Will the backward work for multiple neural network calls in the same loss?

saul_santos · October 5, 2020, 3:34pm

Hi. I want to implement a runge kutta discretization for my loss. In order to do so I have to call four times the same layers in the same forward inside a nn.module. My question is if the following code works when it comes to the backward of the loss function. If I just output the output of the function everything seems alright. However, when I add the rk4_step results seem incorrect.

def forward(self, x):
    with torch.set_grad_enabled(True):
        qqd = x.requires_grad_(True)
        time_step = 0.01
        out=self._rk4_step(qqd,time_step)
        return out
    
def function(self,qqd):
    self.n = n = qqd.shape[1]//2
    L = self._lagrangian(qqd).sum()
    J = grad(L, qqd, create_graph=True)[0] ;
    DL_q, DL_qd = J[:,:n], J[:,n:]
    DDL_qd = []
    for i in range(n):
        J_qd_i = DL_qd[:,i][:,None]
        H_i = grad(J_qd_i.sum(), qqd, create_graph=True)[0][:,:,None]
        DDL_qd.append(H_i)
    DDL_qd = torch.cat(DDL_qd, 2)
    DDL_qqd, DDL_qdqd = DDL_qd[:,:n,:], DDL_qd[:,n:,:]
    T = torch.einsum('ijk, ij -> ik', DDL_qqd, qqd[:,n:])
    qdd = torch.einsum('ijk, ij -> ik', DDL_qdqd.pinverse(), DL_q - T)
                
    return torch.stack((qqd[:,2],qqd[:,3], qdd[:,0], qdd[:,1]),1)
def _lagrangian(self, qqd):
    x = F.softplus(self.fc1(qqd))
    x = F.softplus(self.fc2(x))
    x = F.softplus(self.fc3(x))
    L = self.fc_last(x)
    return L
def _rk4_step(self, qqd, h=None):
    # one step of Runge-Kutta integration
    k1 = h * self.function(qqd)
    k2 = h * self.function(qqd + k1/2)
    k3 = h * self.function(qqd + k2/2)
    k4 = h *self.function(qqd + k3)
    return qqd + 1/6 * (k1 + 2 * k2 + 2 * k3 + k4)

albanD · October 5, 2020, 4:06pm

Hi,

If you use the same layer that has some parameters multiple times. The gradient for these weights will be the sum of the gradients for each use of it (as you would expect mathematically).

Your function look ok from the outside. What “seems incorrect”? Do you have a sample input and expected output that shows the issue?

saul_santos · October 5, 2020, 4:47pm

Hi,

Thank you for your fast answer. I could send snippets of the code where I’m creating the dataset. However that’s too large. Butfor instance I get the same test loss independetly of the number of training points. Using 100 or 1000 gives almost exactly same test loss and it converges always after the first epoch. I also realized printing the gradients that the gradient of the last layer fc_last.bias is always None, which I think it is not correct.

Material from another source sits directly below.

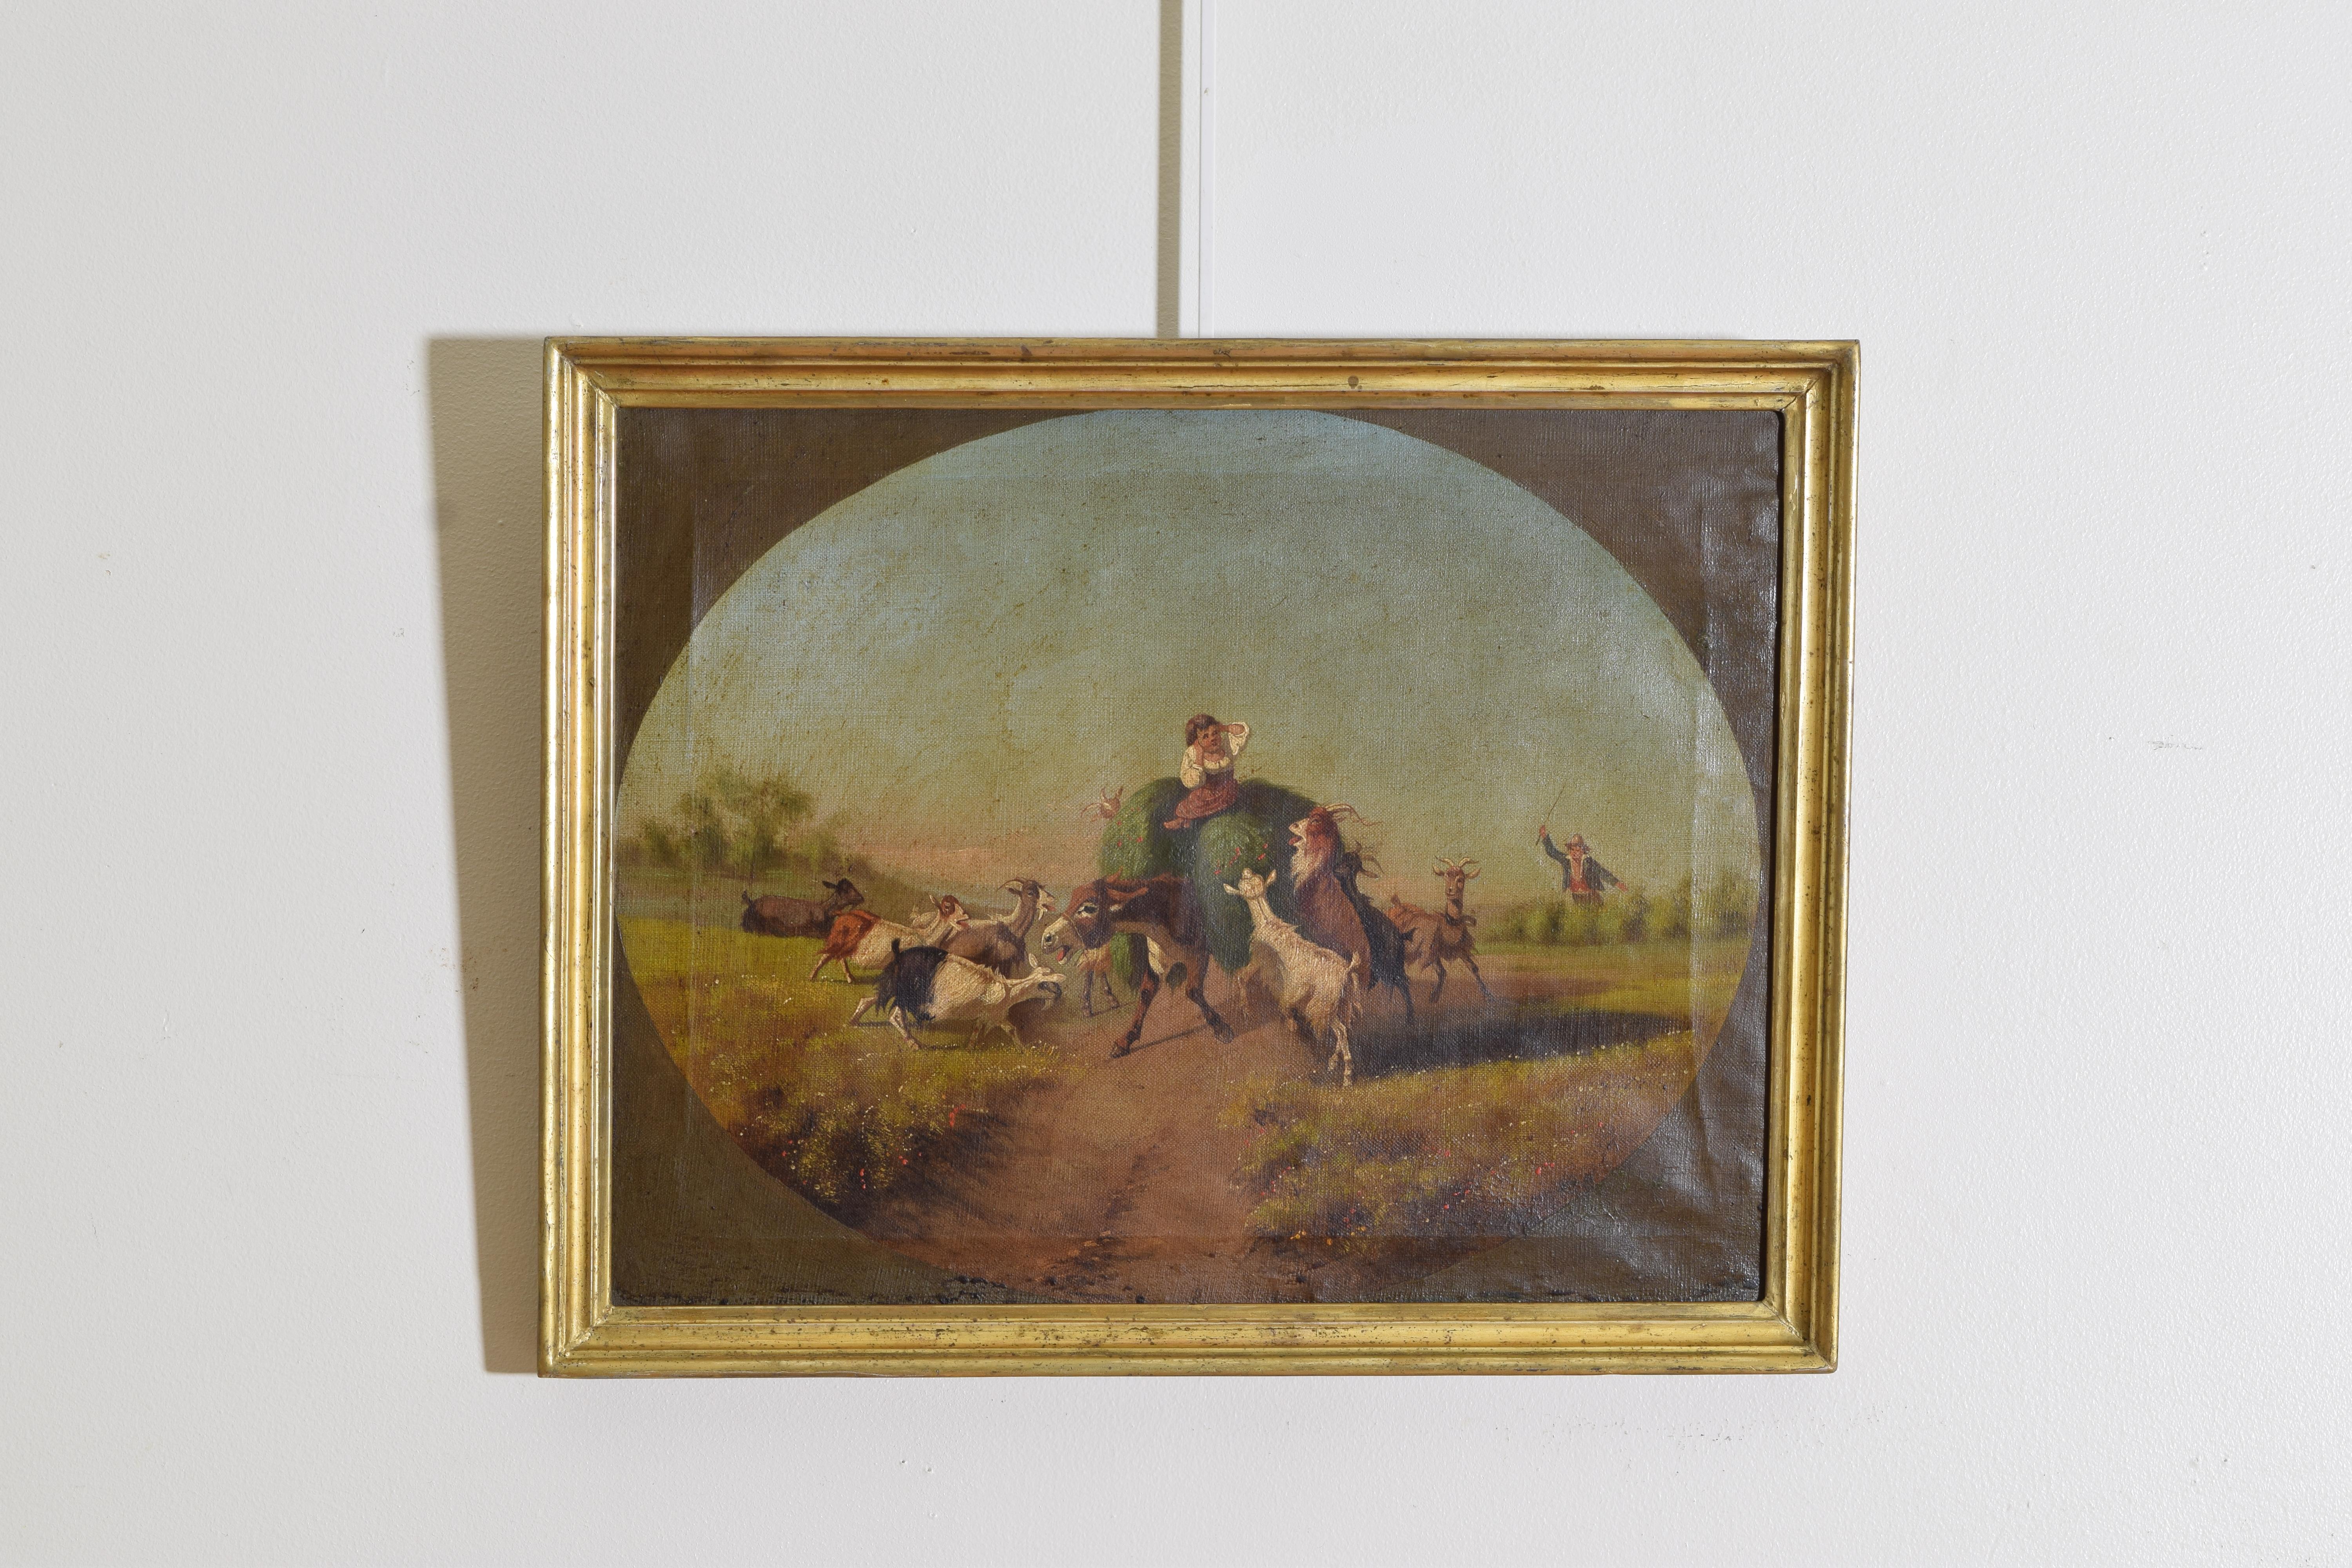 Painted on an oval ground within a rectangular canvas, the corners painted black, depicting a woman atop a haycart being wildly pulled by a donkey being harassed by a gang of unruly goats with a farmer giving chase, if you want action you got

albanD · October 5, 2020, 4:54pm

You might want to check that you get proper gradients for all the parameters indeed (for a single step).
And make sure your model is not getting stuck in a bad local minima as well.

saul_santos · October 5, 2020, 5:09pm

What could be the reason to get gradient None just the biases of the last layer? I’ve also checked that butI can’t find an explanation.

albanD · October 5, 2020, 5:40pm

None in the autograd can mean that it is independent or the gradient is just all 0s.
So in this case, it is either because this bias is not used or because it is completely ignored.

Also to avoid all issues, make sure that all your computations only deal with Tensors and use pytorch’s ops. Objects that are not Tensors cannot have gradients computed for them or flowing through them.

saul_santos · October 5, 2020, 5:56pm

Just to make sure is this operation differentiable in pytorch? Is the only one I have serious doubts.

albanD · October 5, 2020, 5:57pm

Yes this is just indexing. Nothing wrong with that
If you want to be extra sure, you can check that if the input has requires_grad=True, then the output also has requires_grad=True

saul_santos · October 5, 2020, 6:25pm

But to be an error getting the gradients wouldn’t all gradients for all layers be None and not only the grad for the last layer biases tensor? Honestly I can’t find any reason for it to be None, except the independency and always zero cases.

albanD · October 5, 2020, 7:41pm

I’m not sure to understand your question here.

saul_santos · October 5, 2020, 7:51pm

Yeah you are right. It was not well explained sorry. So if I had somewhere a non differentiable op wouldn’t the gradients before that be all None since it is a continuous chain? In my case I get None only for the gradients of the bias from the last layer.

albanD · October 5, 2020, 7:57pm

Ho in this case yes.
I was just mentioning that in general when you see this kind of issues.